AP NEWS

CIM Commercial Trust Corporation Reports 2018 Third Quarter Results

November 13, 2018

DALLAS--(BUSINESS WIRE)--Nov 13, 2018--CIM Commercial Trust Corporation (NASDAQ & TASE: CMCT) (“we”, “our”, “CMCT”, “CIM Commercial”, or the “Company”), a real estate investment trust (“REIT”) that primarily acquires, owns, and operates Class A and creative office assets in vibrant and improving urban communities throughout the United States, today reported operating results for the three months ended September 30, 2018.

Third Quarter 2018 Highlights

Annualized rent per occupied square foot 1 on a same-store basis increased 6.8% to $43.30 as of September 30, 2018 compared to $40.54 as of September 30, 2017; annualized rent per occupied square foot across all properties was $44.86 as of September 30, 2018. Our same-store office portfolio was 94.2% leased as of September 30, 2018. During the third quarter of 2018, we executed 40,567 square feet of leases with terms longer than 12 months, of which 34,026 square feet were recurring leases executed at our same-store office portfolio, representing same-store cash rent growth per square foot of 25.0%. Net loss attributable to common stockholders was $4,448,000, or $0.10 per diluted share, for the third quarter of 2018. Same-store office segment net operating income (“NOI”), excluding lease termination income, 2 increased 3.9%, and same-store office cash NOI, excluding lease termination income, 2 increased 3.0%, for the third quarter of 2018 from the corresponding period in 2017. Same-store office segment NOI 2 decreased 7.0%, while same-store office cash NOI 2 increased 2.7%, for the third quarter of 2018 from the corresponding period in 2017. Funds from operations (“FFO”) attributable to common stockholders was $8,862,000, or $0.20 per diluted share, for the third quarter of 2018.

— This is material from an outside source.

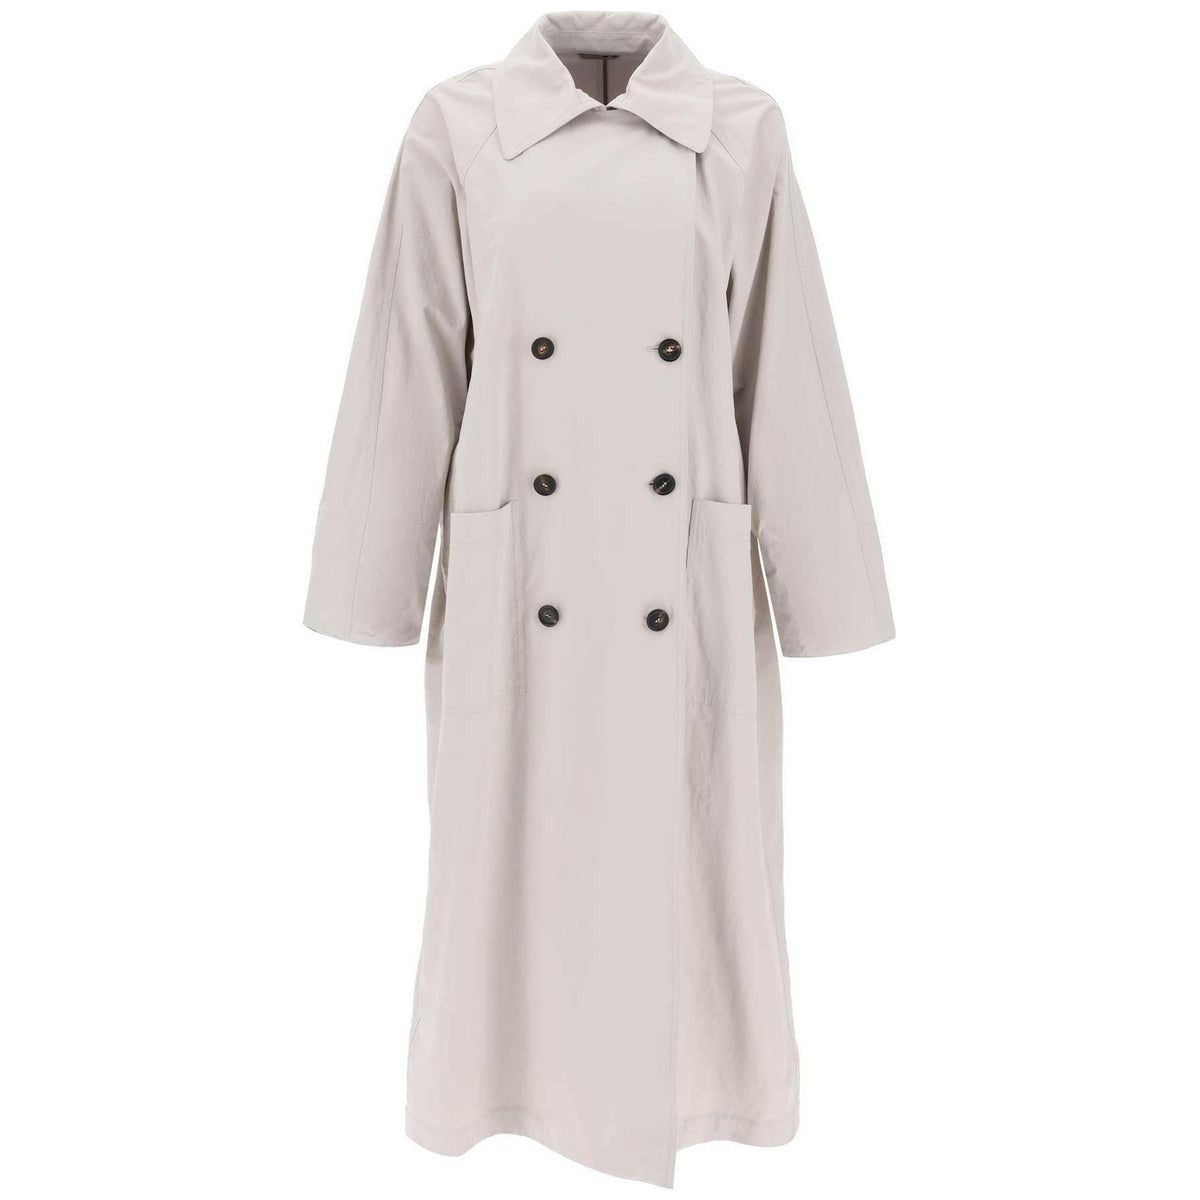 BRUNELLO CUCINELLI - Double-Breasted Trench Coat With Shiny Cuff Details - JOHN JULIA

Potential Recapitalization

As previously announced, CMCT is actively exploring a potential recapitalization plan with the purpose of, among other things, unlocking embedded value, enhancing growth prospects and improving the trading liquidity of its common stock. There can be no guarantee that the potential recapitalization will occur or, if any or all of the steps of the potential recapitalization occur, that the potential recapitalization will occur in the form currently contemplated. If any or all of the potential recapitalization occurs, the financial information reported herein may not necessarily be indicative of future operating results or operating conditions.

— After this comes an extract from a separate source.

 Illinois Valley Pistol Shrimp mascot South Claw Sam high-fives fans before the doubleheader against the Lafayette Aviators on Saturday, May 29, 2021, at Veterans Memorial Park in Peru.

If the potential recapitalization is consummated, CMCT’s remaining portfolio would primarily consist of approximately 725,000 rentable square feet of office space, a 503-room hotel and ancillary parking garage, and properties with development opportunities located in Oakland, California, Washington, D.C., Austin, Texas, and Sacramento, California. The Company believes that these existing development opportunities, as well as CMCT’s operating properties in Los Angeles, San Francisco and Austin with below market in-place office rents, would position CMCT for growth.

Following the potential recapitalization, the Company would remain principally focused on Class A and creative office assets. For the benefit of all classes of CMCT shareholders, the Company may also participate more actively in additional urban real estate strategies and product types of CIM Group in order to more fully leverage CIM Group’s large-scale platform and capabilities.

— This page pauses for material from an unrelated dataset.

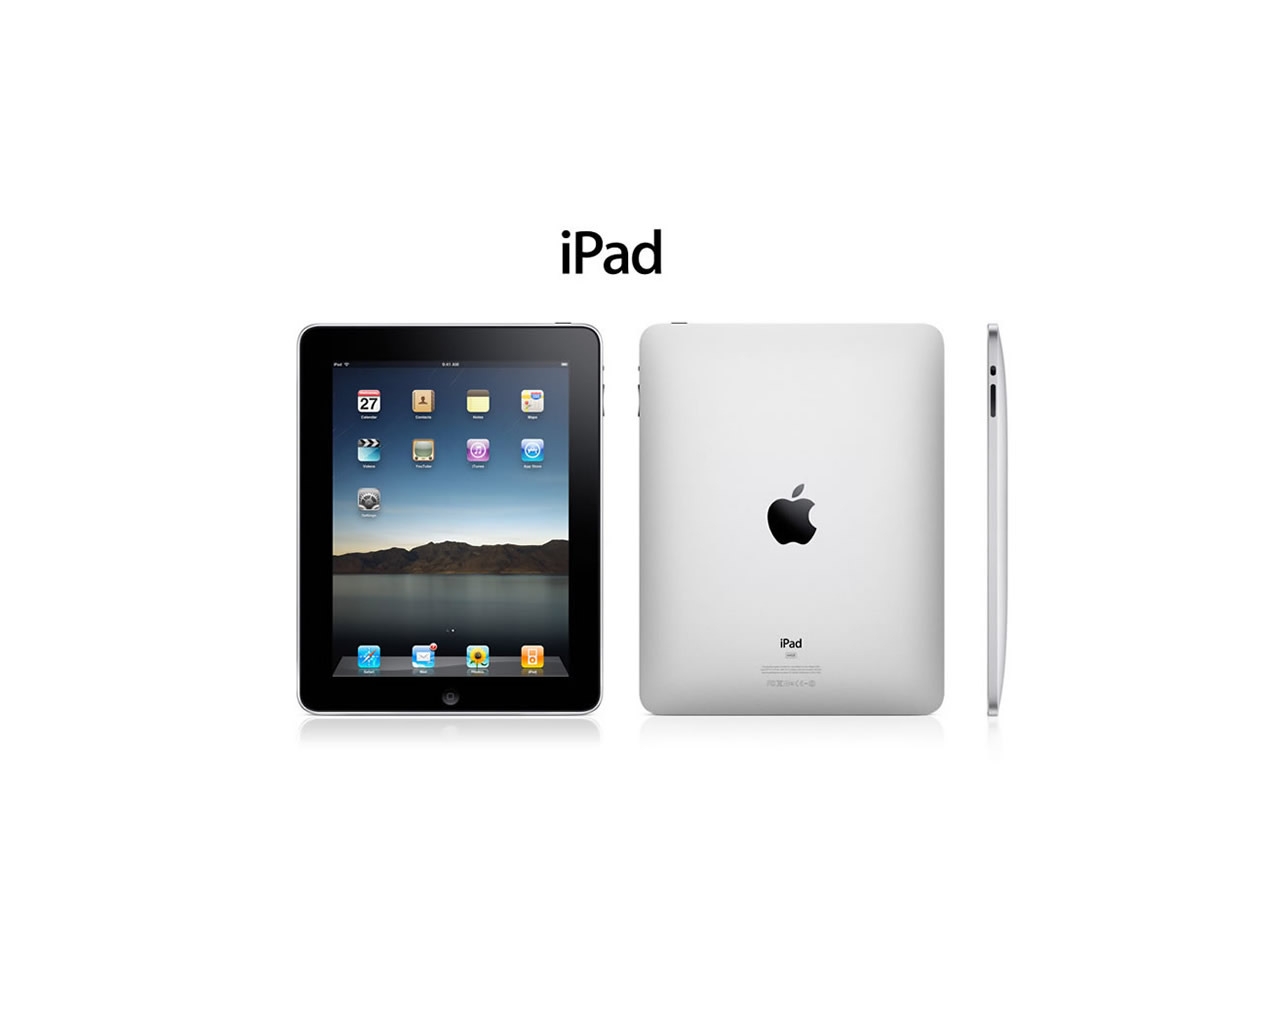 The New Apple iPad for 1280 x 1024 resolution

The Company intends to continue to maintain a highly-flexible capital structure and expects to continue to target a 45% common equity percentage of total capitalization, based on fair value.

Financial Highlights

As of September 30, 2018, our real estate portfolio consists of 21 assets, all of which are fee-simple properties. The portfolio includes 19 office properties (including one parking garage and two development sites, one of which is being used as a parking lot), totaling approximately 3.4 million rentable square feet and one hotel, which has 503 rooms and an ancillary parking garage. We also operate a lending business.

Third Quarter 2018

Net loss attributable to common stockholders was $4,448,000, or $0.10 per diluted share of common stock, for the three months ended September 30, 2018, compared to net income attributable to common stockholders of $72,257,000, or $1.25 per diluted share of common stock, for the three months ended September 30, 2017. The decrease is primarily attributable to the gain on sale of real estate of $74,715,000 recognized during the three months ended September 30, 2017, $3,152,000 in redeemable preferred stock dividends accumulated during the three months ended September 30, 2018, a decrease of $2,567,000 in net operating income of our operating segments, and an increase of $631,000 in redeemable preferred stock dividends declared, partially offset by a decrease of $2,911,000 in interest expense not allocated to our operating segments, and a decrease of $670,000 in asset management and other fees to related parties not allocated to our operating segments.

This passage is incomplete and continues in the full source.